> _WHAT IS EXPECTED_
Take the entries below and reproduce exactly the portion that begins at the line containing "alwin the oldebritish bulldog" and ends at the line containing "Fantasy Sandals Arianna Black Brush", keeping both ends, dropping pictures, and adding nothing else.

> _RECORDS SHOWN_
------------------------------------

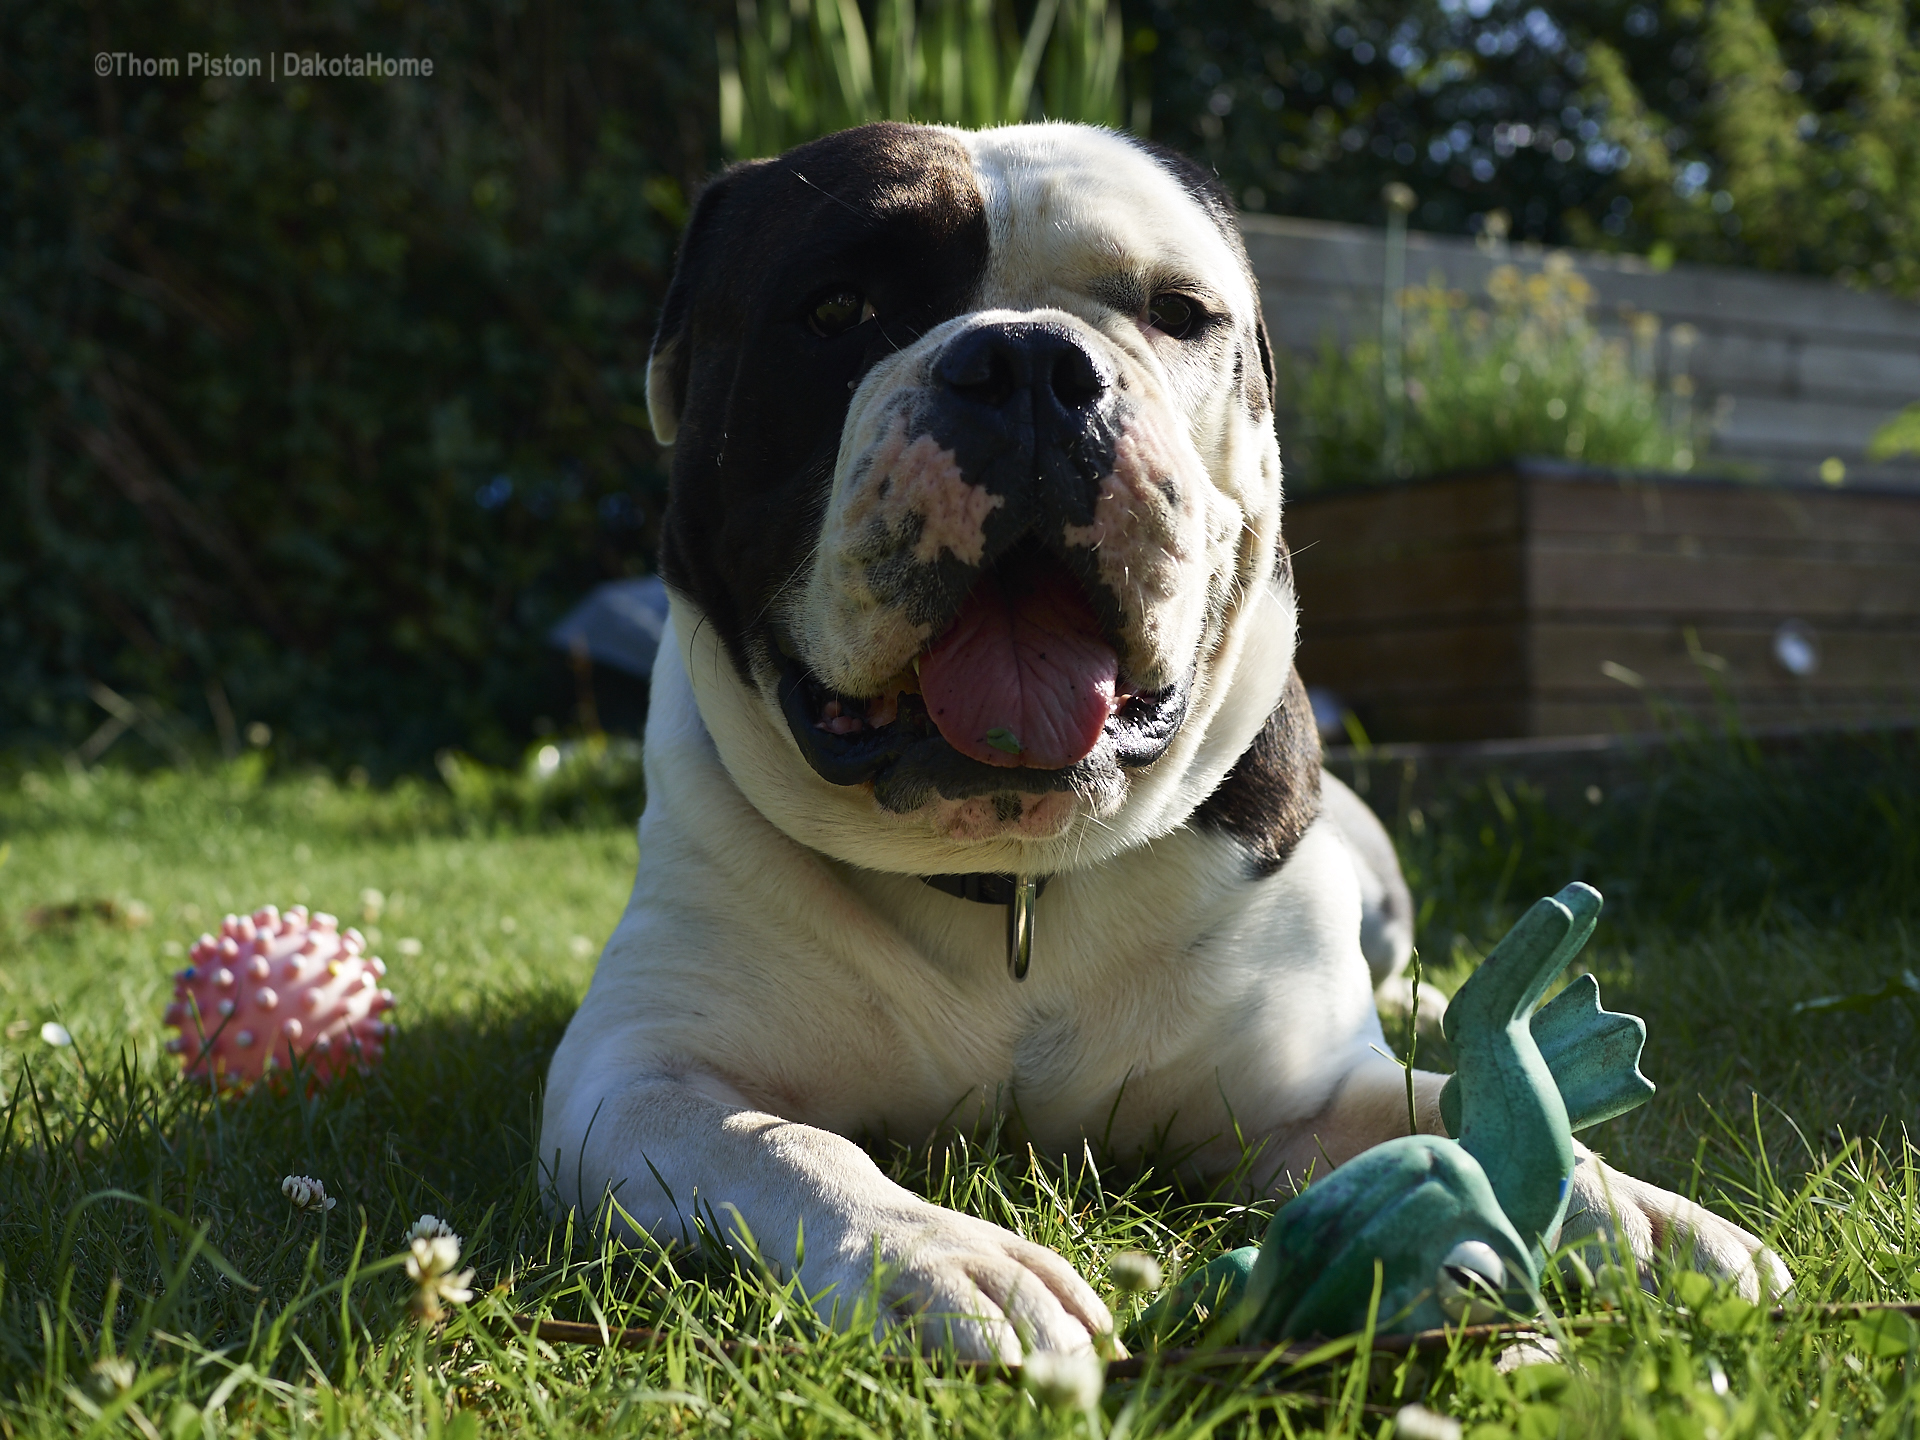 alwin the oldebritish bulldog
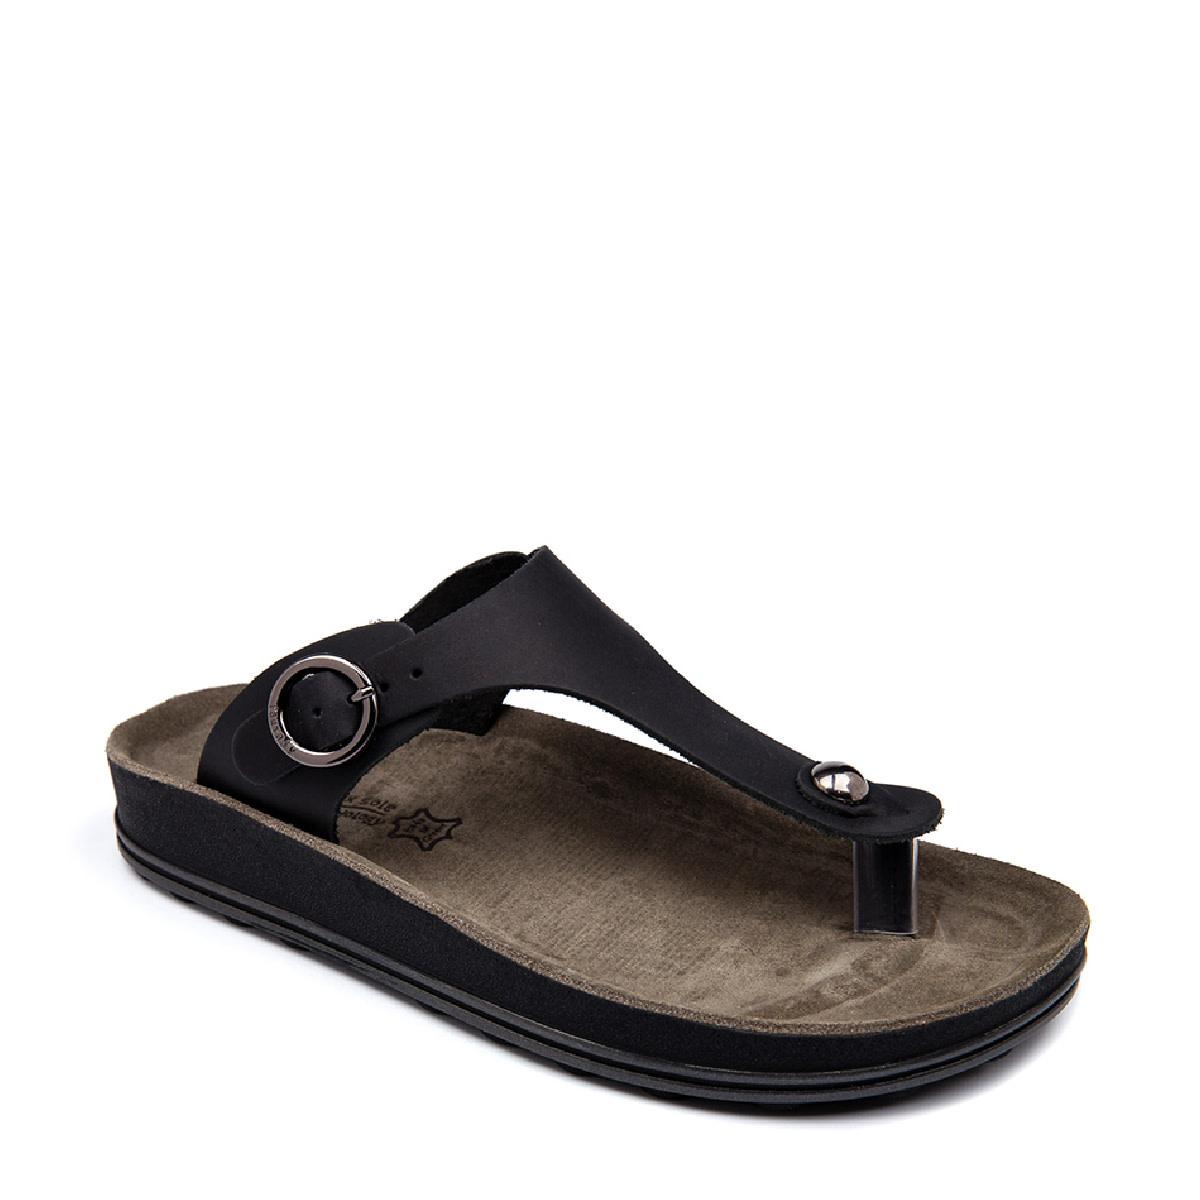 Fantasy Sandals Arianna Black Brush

------------------------------------

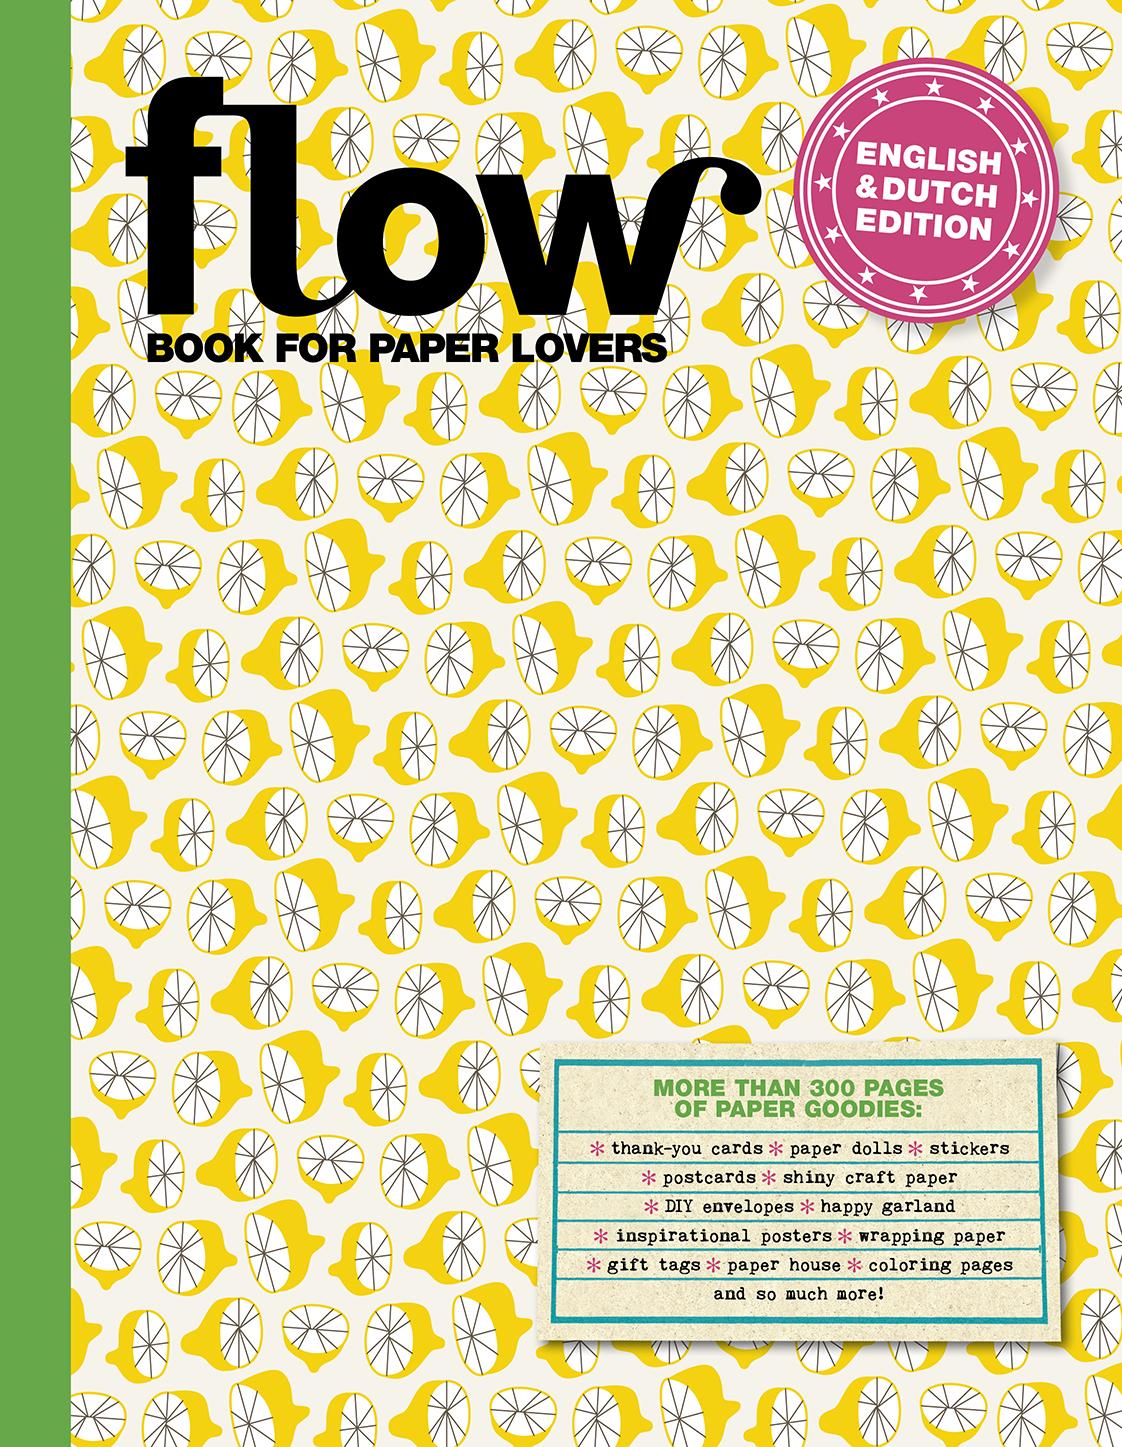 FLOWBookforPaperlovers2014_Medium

------------------------------------

> _FINISHED EXERCISE_
 alwin the oldebritish bulldog
 Fantasy Sandals Arianna Black Brush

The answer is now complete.